交差点で一時的にすべての方向の信号が赤になる「全赤時間」は、安全確認や事故防止のために設けられています。特に歩行者用信号が赤から青に切り替わる直前の数秒間、車両も信号待ち中となるため、「今のうちに渡ってしまおう」と考える歩行者がいるのが現実です。

しかし、法律的には歩行者信号が赤であれば横断は禁止されています。たとえ他の車両信号も赤であっても、横断を開始することは信号無視に該当します。

事故が発生した場合の過失割合の考え方

過失割合は一概には言えず、事故状況や双方の動作、環境要因によって変わりますが、基本的な考え方として次のようになります。

  • 歩行者が赤信号で横断:歩行者に重大な過失あり。
  • 車両側に注意義務違反がある場合:たとえば徐行義務を怠ったなど。
  • このようなケースでは、歩行者と車両の過失割合は通常7:3〜9:1で歩行者に不利となります。

判例でも、「赤信号を無視して横断した歩行者がはねられた」事案では、歩行者側に70%以上の過失が認定されることが多い傾向にあります。

具体的な事故例と判例の紹介

ある地方裁判所の事例では、歩行者が信号が赤のうちに横断を始め、直進してきた車両と接触した事故で、歩行者80%:車両20%の過失割合が認定されました。裁判所は、歩行者が赤信号を見ていながら渡った点と、車両側が徐行していたことなどを総合的に判断しました。

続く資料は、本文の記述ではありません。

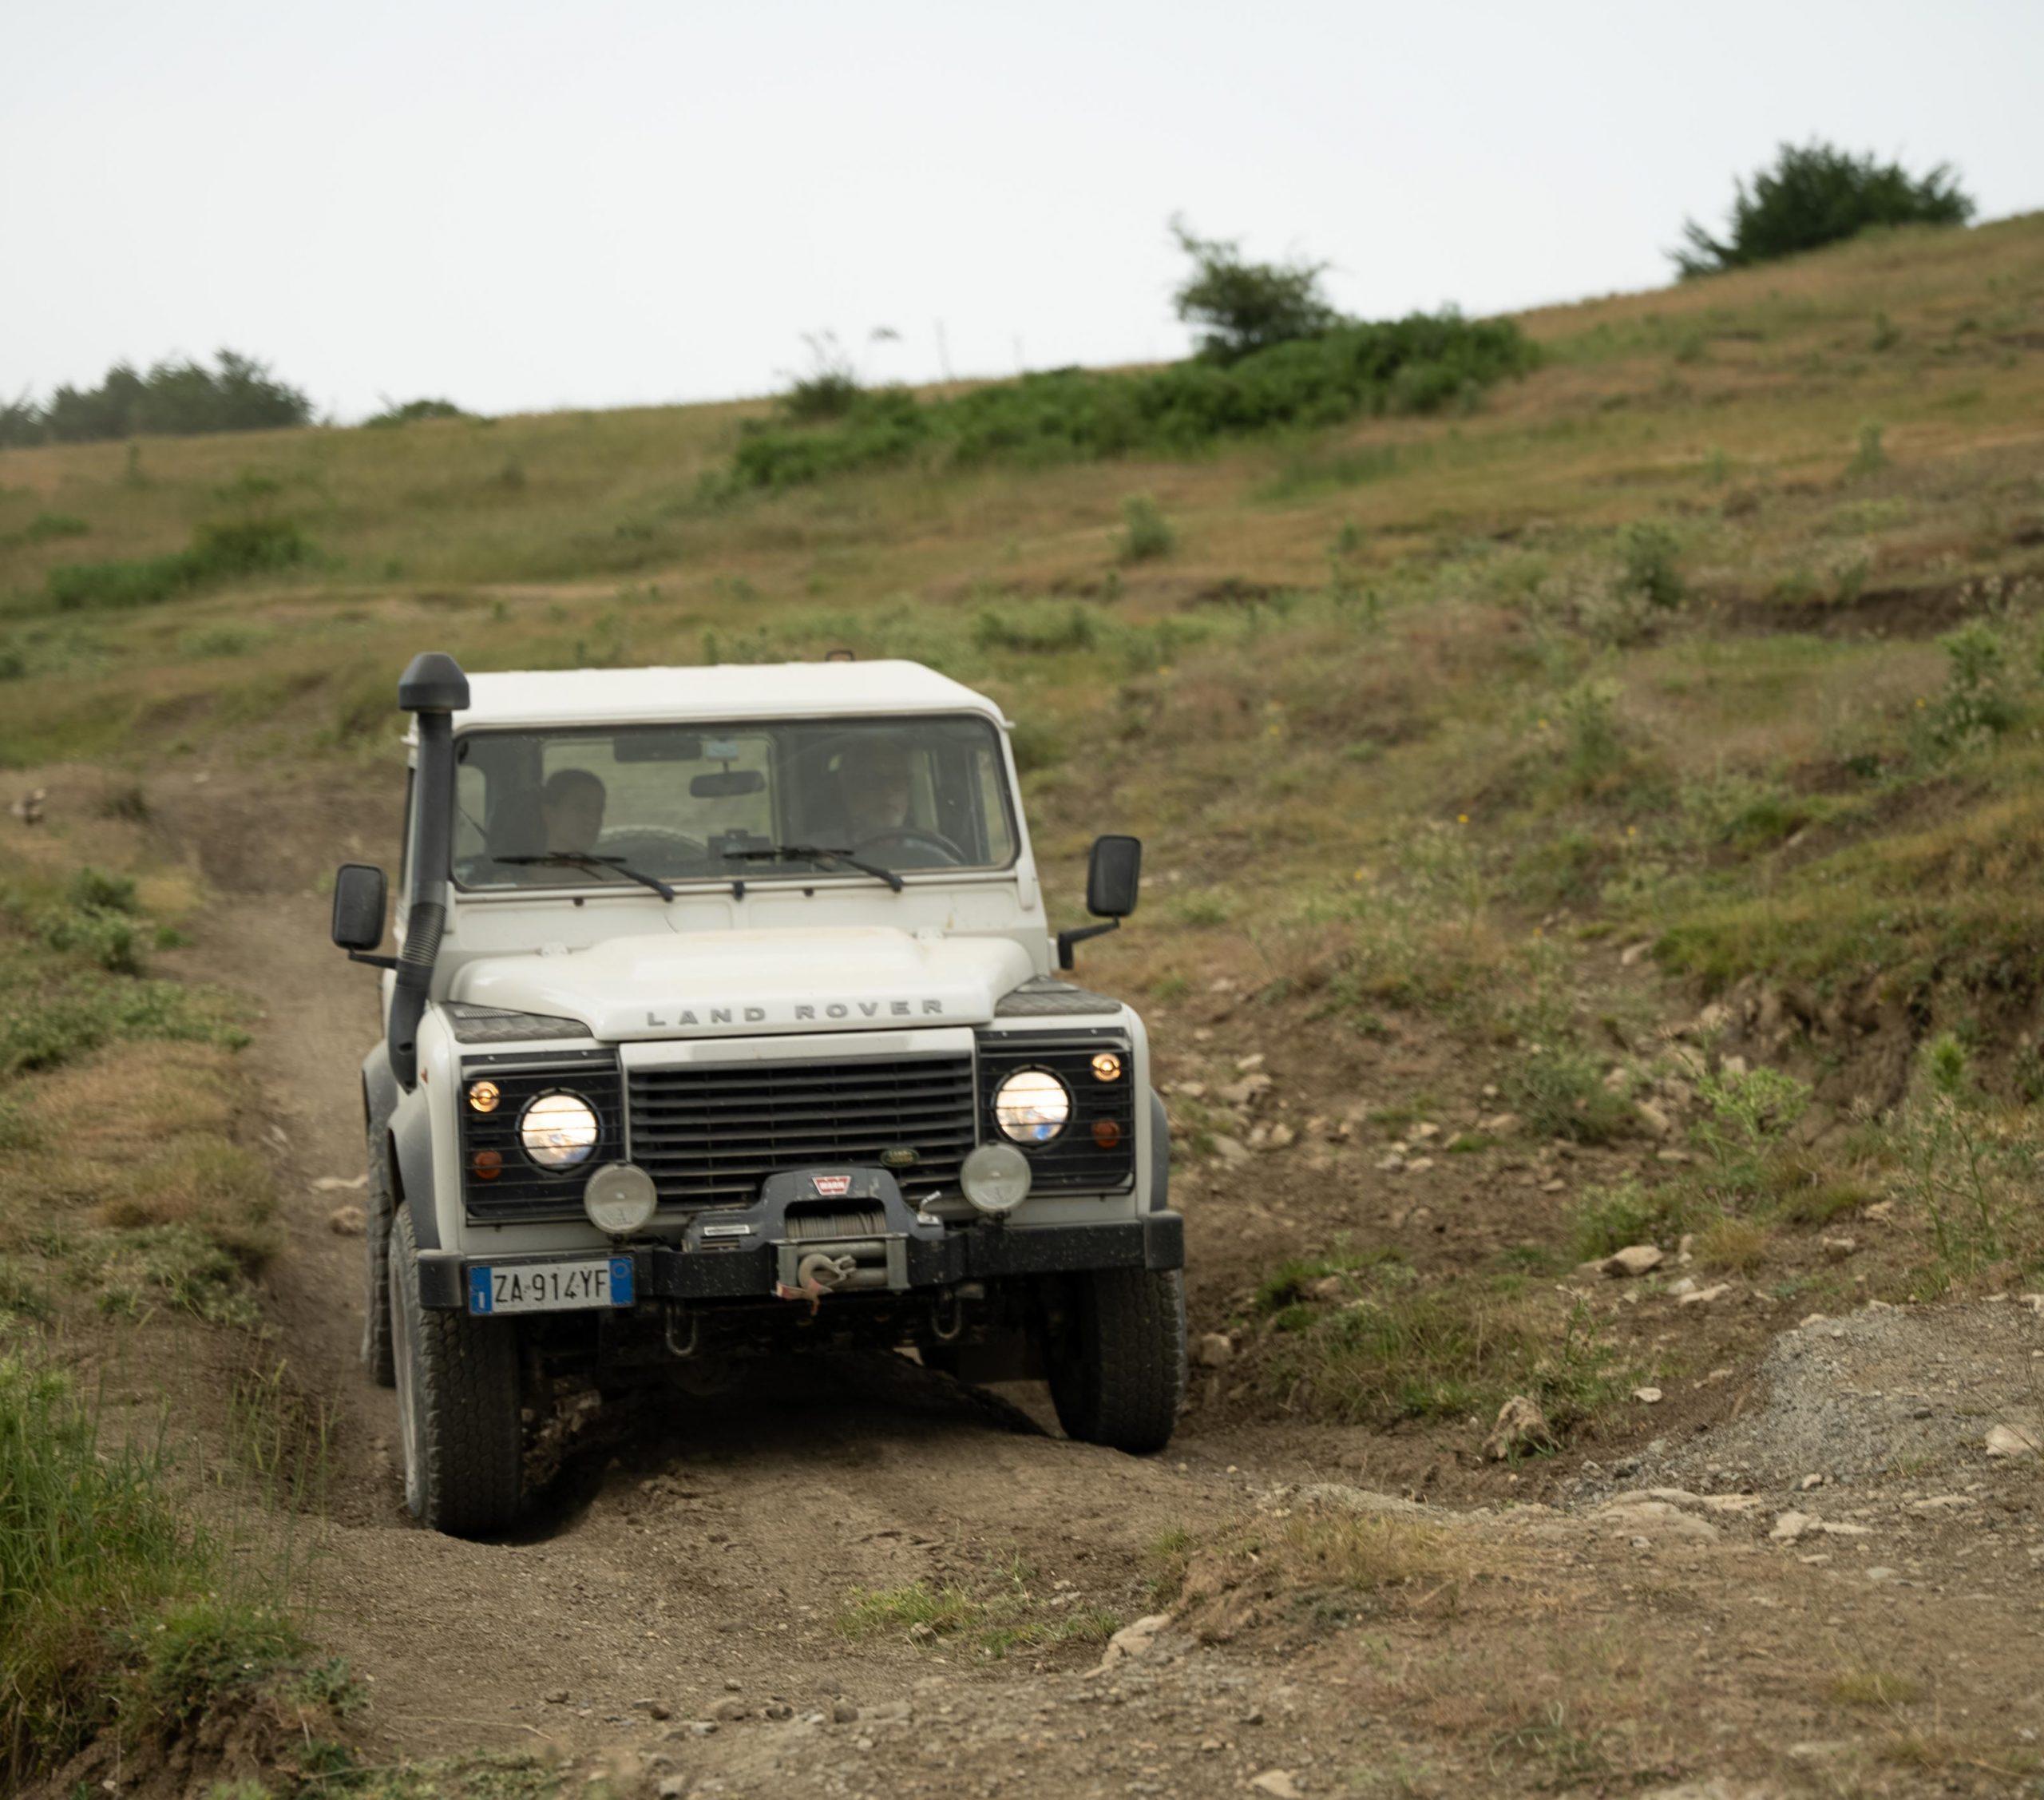 Land_Rover_Tour_Sicilia_2021_Land_Rover_Experience_Italia_-71

別の事例では、交差点進入時の車両の速度が速かったとして、歩行者70%:車両30%とする判断も見られます。

歩行者として注意すべきポイント

信号が青になる前に横断を開始することは絶対に避けることが重要です。全赤時間があるからといって、歩行者側に安全が保障されているわけではありません。ドライバーも信号が変わるタイミングで注意力が緩むことがあり、事故のリスクが高まる瞬間です。

また、夜間や雨天など視認性が悪い状況では、ドライバーが歩行者を見落とす可能性が高いため、信号遵守と視認性確保が歩行者にとって重要な自己防衛となります。

車両ドライバーとしての注意点

ドライバーにとっても、全赤時間明けの青信号発進時には、歩行者の飛び出しに備えて一呼吸おいてから発進する慎重さが求められます。とくに横断歩道のある交差点では、赤信号にもかかわらず渡っている歩行者がいる可能性があるため、注意を怠らないことが重要です。

車両側にも歩行者を予測する義務があるため、見通しの悪い交差点や夜間の運転では過失割合が高まるリスクも理解しておくべきです。

まとめ:全赤信号時でも歩行者に過失が大きくなる可能性

信号が全赤となっている時間に横断歩道を渡り始めた歩行者が車両と接触した場合、歩行者に70〜90%の過失が認定される可能性が高いです。事故を防ぐためには、歩行者・ドライバー双方が交通ルールを正しく理解し、状況を見極めて行動することが求められます。

「ちょっとぐらい大丈夫だろう」という油断が大きな事故につながります。ルールを守ることで自分と他人の命を守る行動を心がけましょう。